A communication network may deliver content to a user. Typically, a user device in an access network will create a request for a certain piece of content, and forward that request through the access network to the core network. A core services platform, which is a device located in the core network that performs a variety of services, may identify a location where the requested content is stored. Typically, this location is a content storage repository. The content storage repository may be located in the same access network as the user, in a different access network, or in the core network. The core services platform then may coordinate the retrieval of the requested content from the content storage repository, and may coordinate the delivery of the requested content back to the user device.
One additional use for communication networks is the delivery of custom content, such as advertising, to a user. When a user device requests content, further custom content is sent to the user device in addition to the requested content. This custom content may be stored in the core network or an access network. The custom content may or may not reside in the same content storage repository as the requested content. Locating and coordinating the delivery of this custom content is a task also typically performed by the core network.
This additional functionality increases the burden on the core network. Even if not stored in the core network, the content will likely need to pass through the core network on its way to the user, requiring increased bandwidth through the core. Further, users (and custom content providers) increasingly make use of interactive and streaming data, which increases the amount of data that must be stored and moved through the network in comparison to static or non-streaming data. This can be a drain on the resources of the core network. When the core network experiences heavy traffic, this can be reflected in less data throughput in each of the access networks serviced by the core, even when only one of the access networks is responsible for the increased traffic.

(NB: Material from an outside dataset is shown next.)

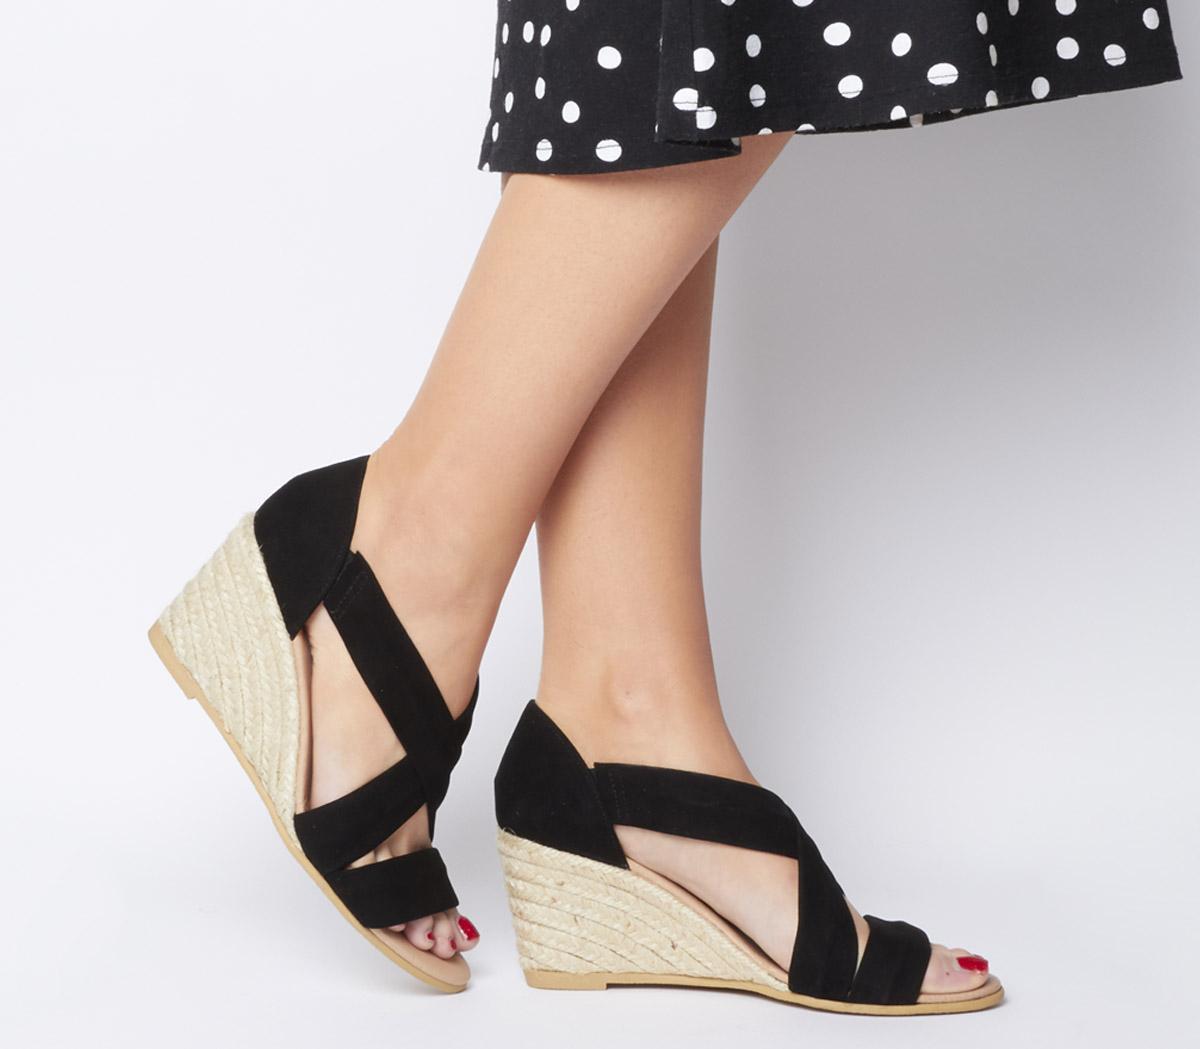 Maiden Wedge Heels - Wide Fit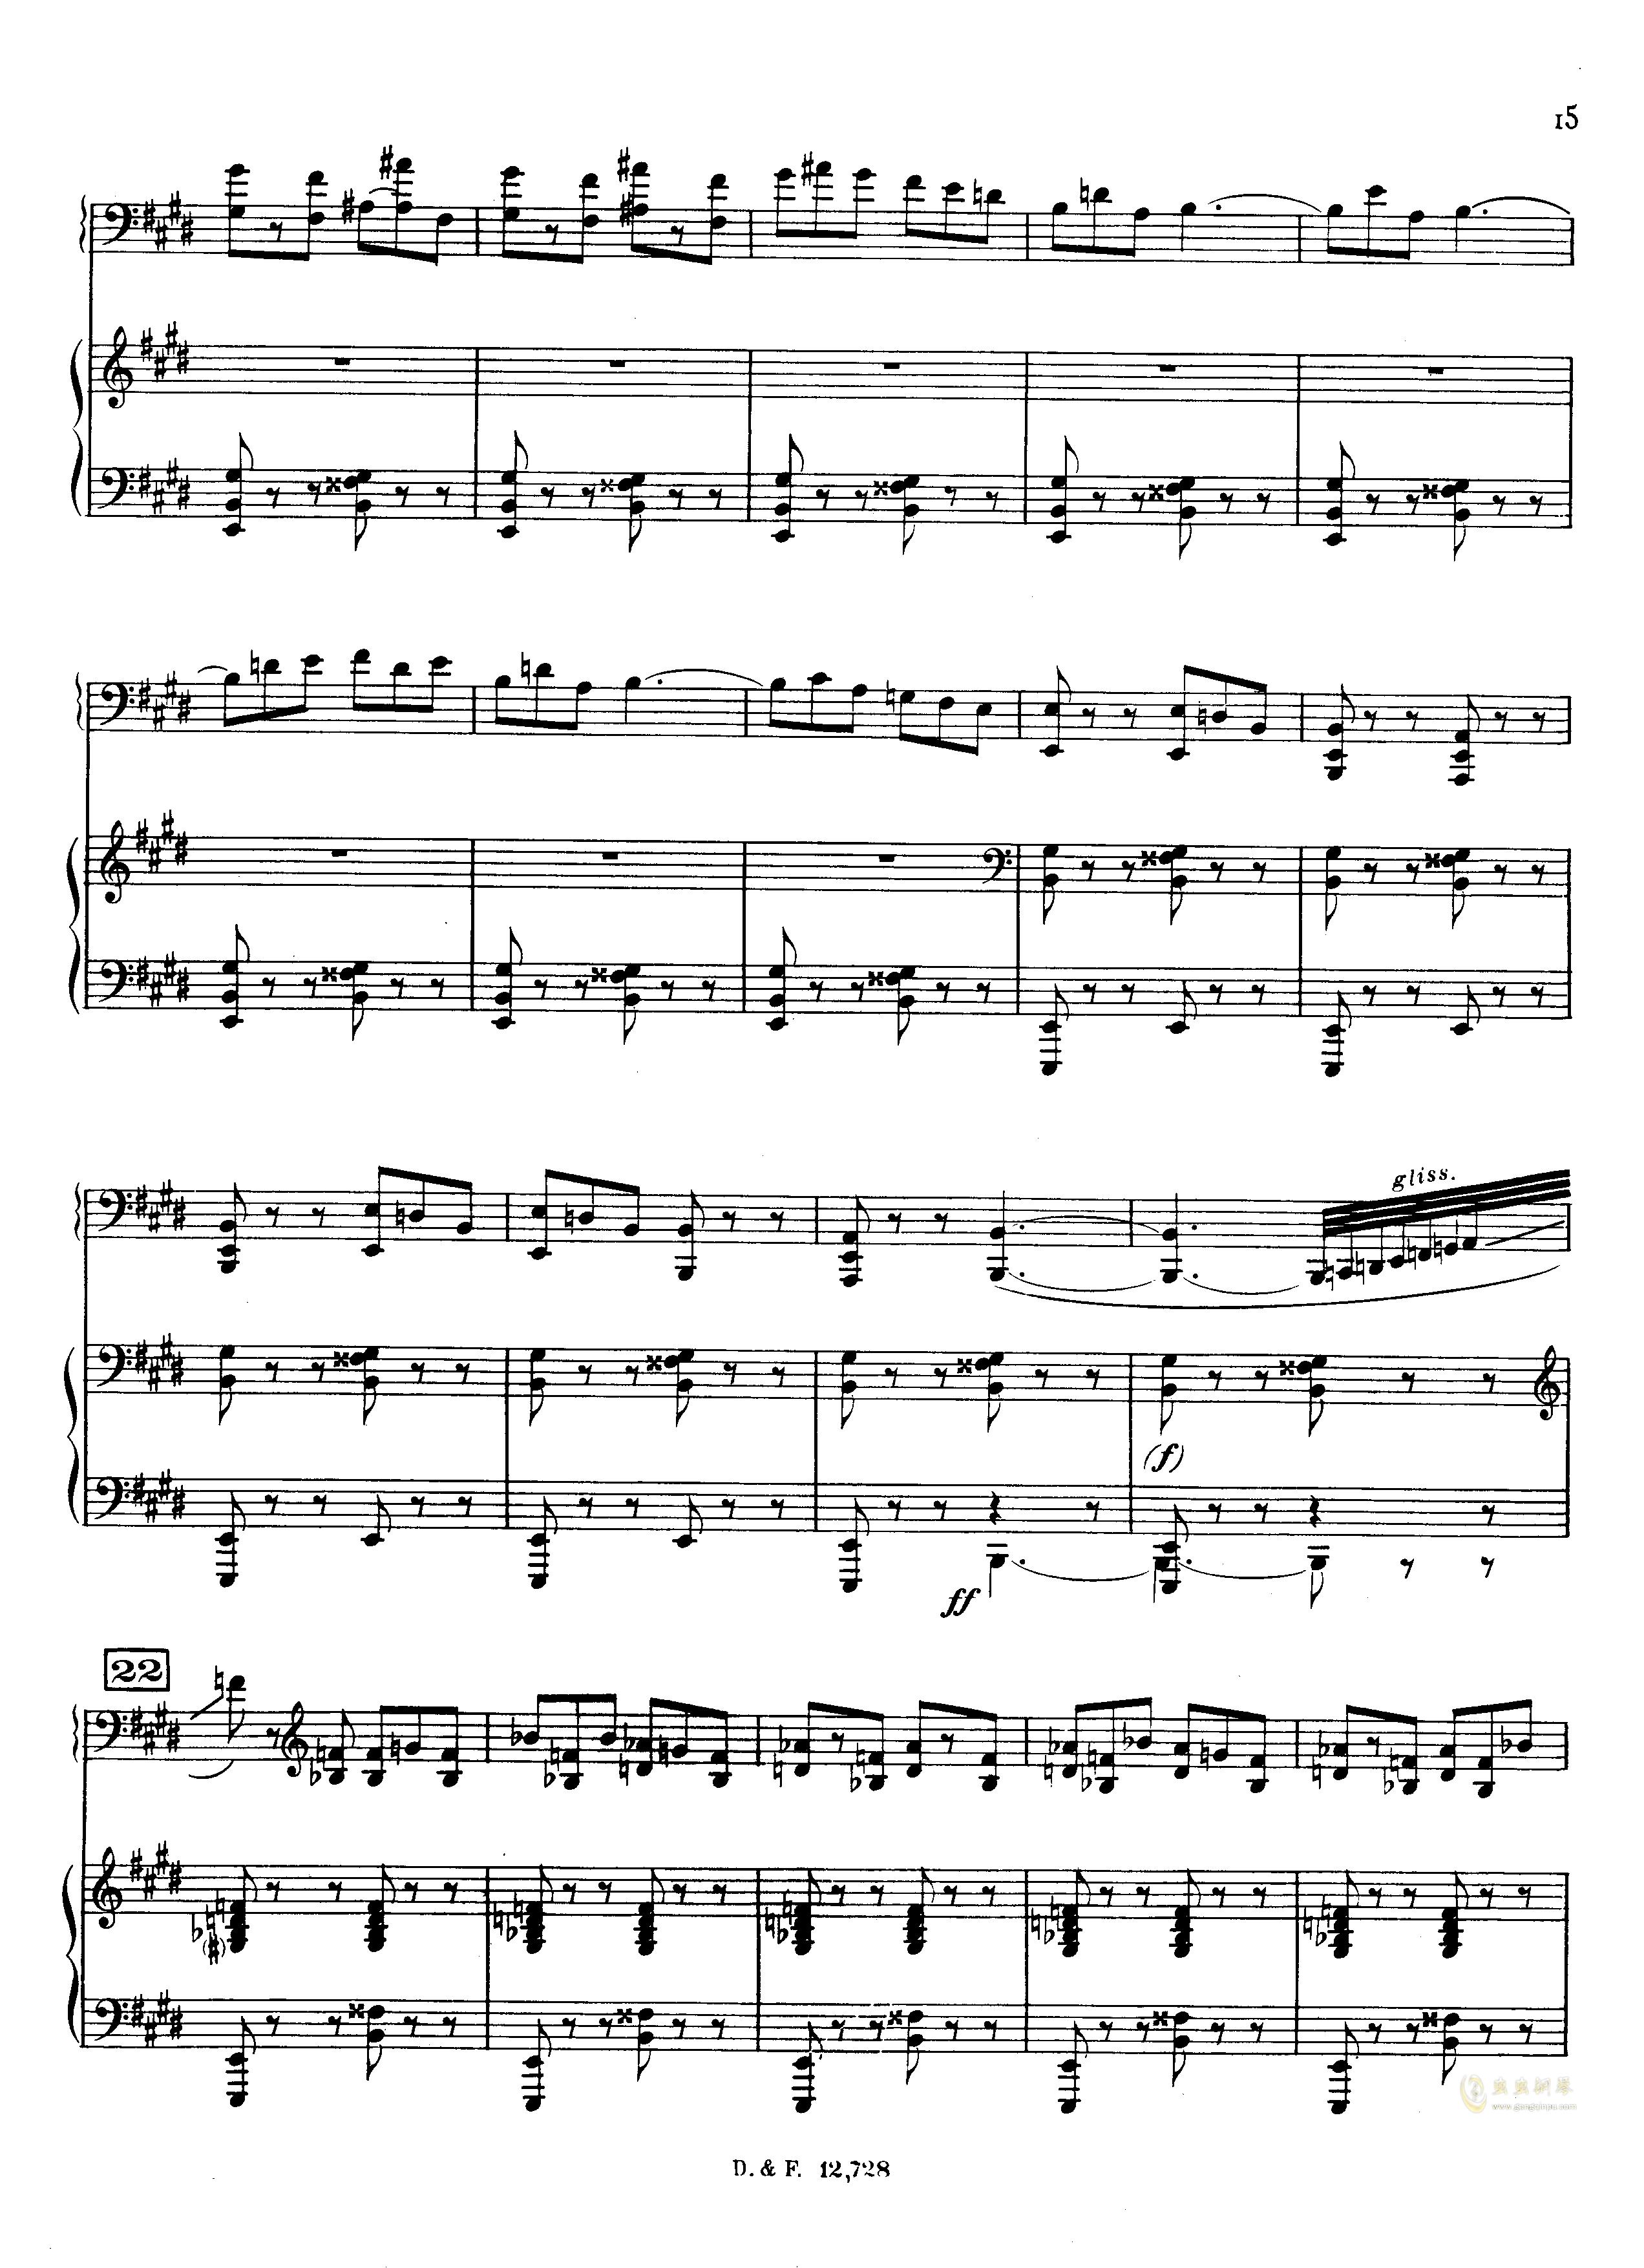 左手钢琴协奏曲钢琴谱 第15页

According to the present disclosure, a content selection and injection mechanism is provided for a communication network. In the communication network, for example, a wireless content delivery network, an electronic device inserts custom data content into a data stream. The electronic device may accept a data stream from a location in the access network and identify an insertion point suitable for inserting the custom data content into the data stream. The electronic device may also select the custom data content from a local content storage repository located in the access network, and insert the custom data content into the data stream at the identified insertion point. To facilitate custom data content insertion, the data stream may contain a placeholder object that the inserted custom data content modifies or replaces.
According to one embodiment, the electronic device may identify a targeted user for receiving content, and select the custom data content based on the identity of the targeted user. For example, the custom data content may be selected based on an affinity group of the targeted user which defines preference data for the targeted user. The content object may also be selected based on a learned historical preference of the targeted user.
According to another embodiment, the custom data content may be selected based on the geographic location of the targeted user. If the targeted user changes geographic location, the electronic device may select additional custom data content, identify a second insertion point suitable for inserting the additional custom data content into the data stream, and insert the additional custom data content object into the data stream at the second insertion point.
According to another embodiment, the data stream may be analyzed for semantic context information, and the custom data content may be selected based on the semantic context information.
The above-mentioned content selection schemes may be applied alone or in combination.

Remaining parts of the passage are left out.